Reputation: 874
I am trying to select certain data rows in a DataFrame
using @linq
macros:
using DataFrames, DataFramesMeta
df=DataFrame(x = ["a", "a", "a", "b", "b", "b"],
y = [1, 2, 3, 2, 3, 4],
z = [100, 200, 300, 456, 345, 234])
| Row | x | y | z |
|-----|-----|---|-----|
| 1 | "a" | 1 | 100 |
| 2 | "a" | 2 | 200 |
| 3 | "a" | 3 | 300 |
| 4 | "b" | 2 | 456 |
| 5 | "b" | 3 | 345 |
| 6 | "b" | 4 | 234 |
I am trying to select those rows that have the maximum y
for a given type of x
, that is
| Row | x | y | z |
|-----|-----|---|-----|
| 1 | "a" | 3 | 300 |
| 2 | "b" | 4 | 234 |
So, I am grouping by column x
and adding a column with the maxima
@linq df |> @by(:x, maxY = maximum(:y))
which gives
| Row | x | maxY |
|-----|-----|------|
| 1 | "a" | 3 |
| 2 | "b" | 4 |
but I don't see how to put the corresponding z entries back in.

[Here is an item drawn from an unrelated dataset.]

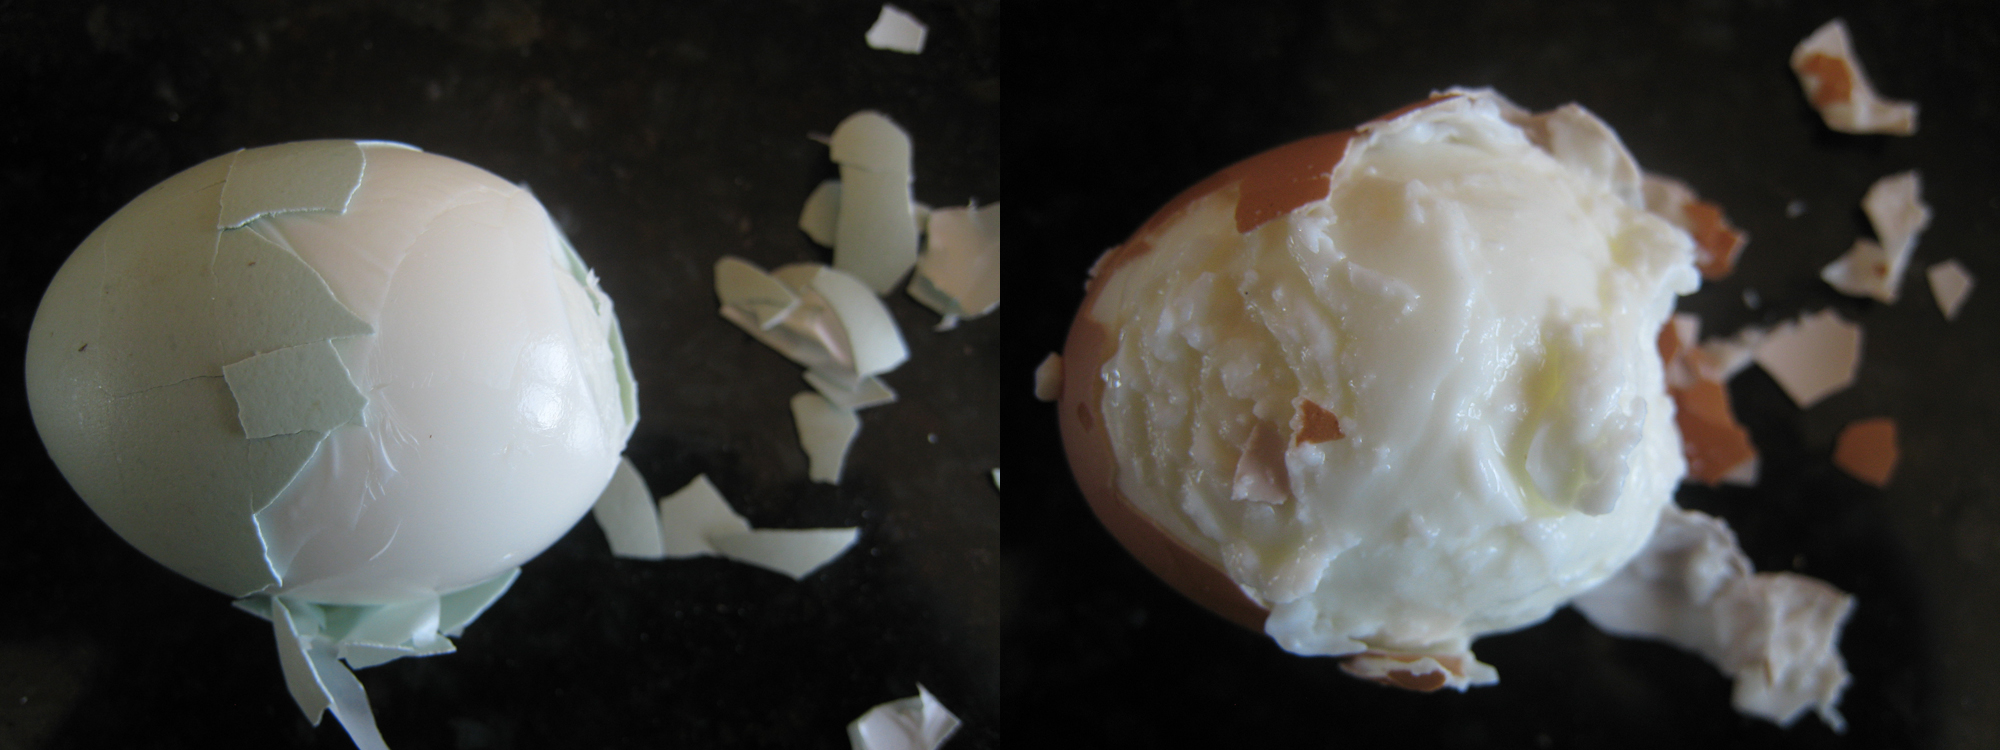 boiled egg results based on freshness of egg
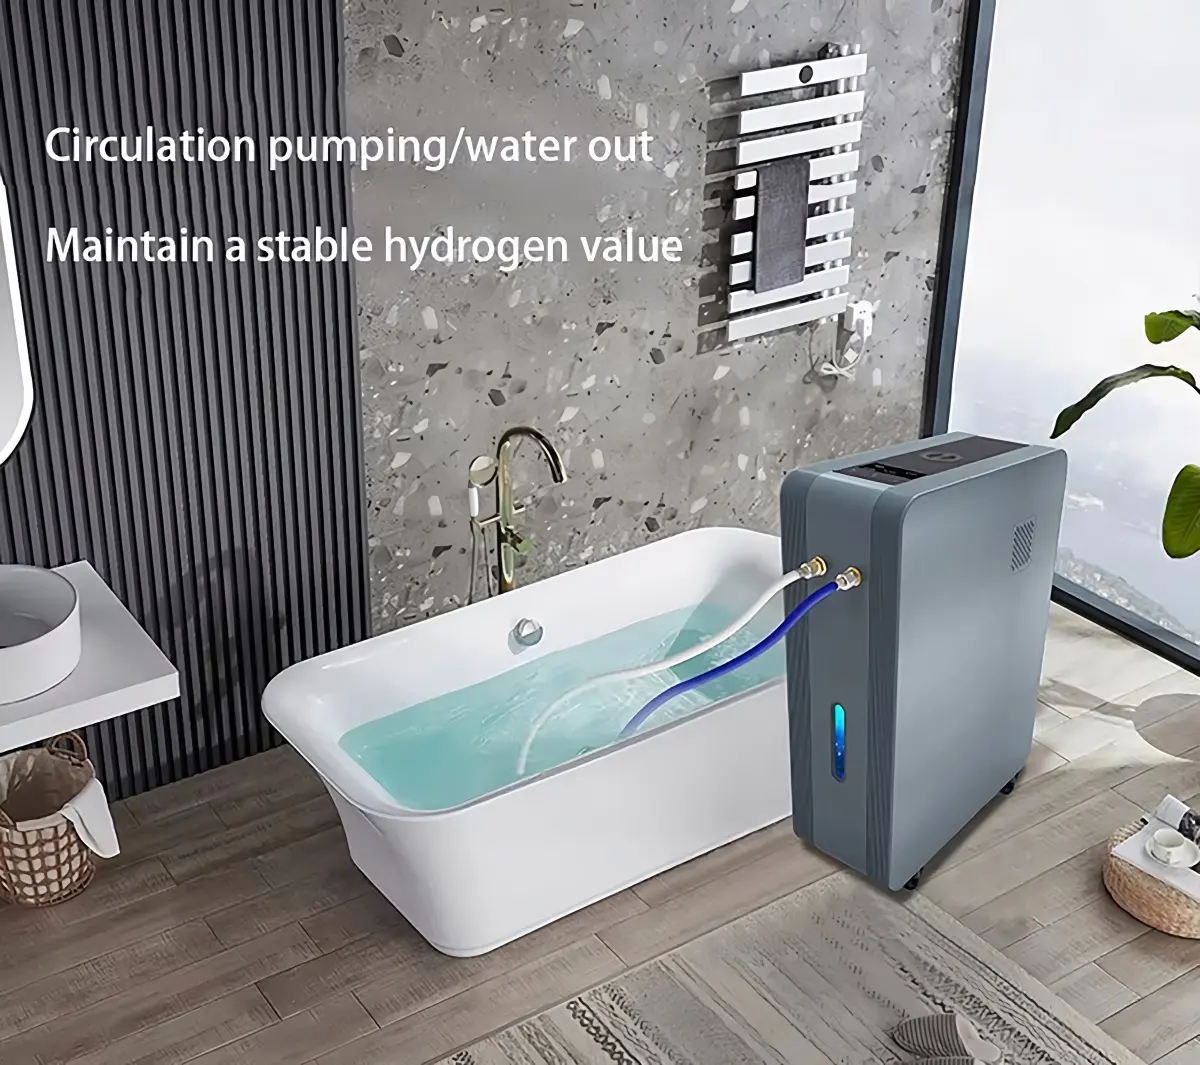 مولد مياه للعلاج بالحمام 4700 مللي/دقيقة إخراج ماء يصل إلى 2600 رطل لكل بوصة ماء غني بالهيدروجين جهاز حمام H2 بحوض فقاعات

Probably, it would be join
but I don't see how to do that or get the result in another, simple way.
Upvotes: 1
Views: 506
Reputation: 1275
You can do it in one line joining on=[:x,:y]
but for this to work you need to name the maximum(:y)
column y
not maxY
:
df2 = @linq df |> by(:x, y=maximum(:y)) |> join(df, on=[:x, :y])
You can later rename that column to the intended maxY
:
rename!(df2, :y, :maxY)
Upvotes: 1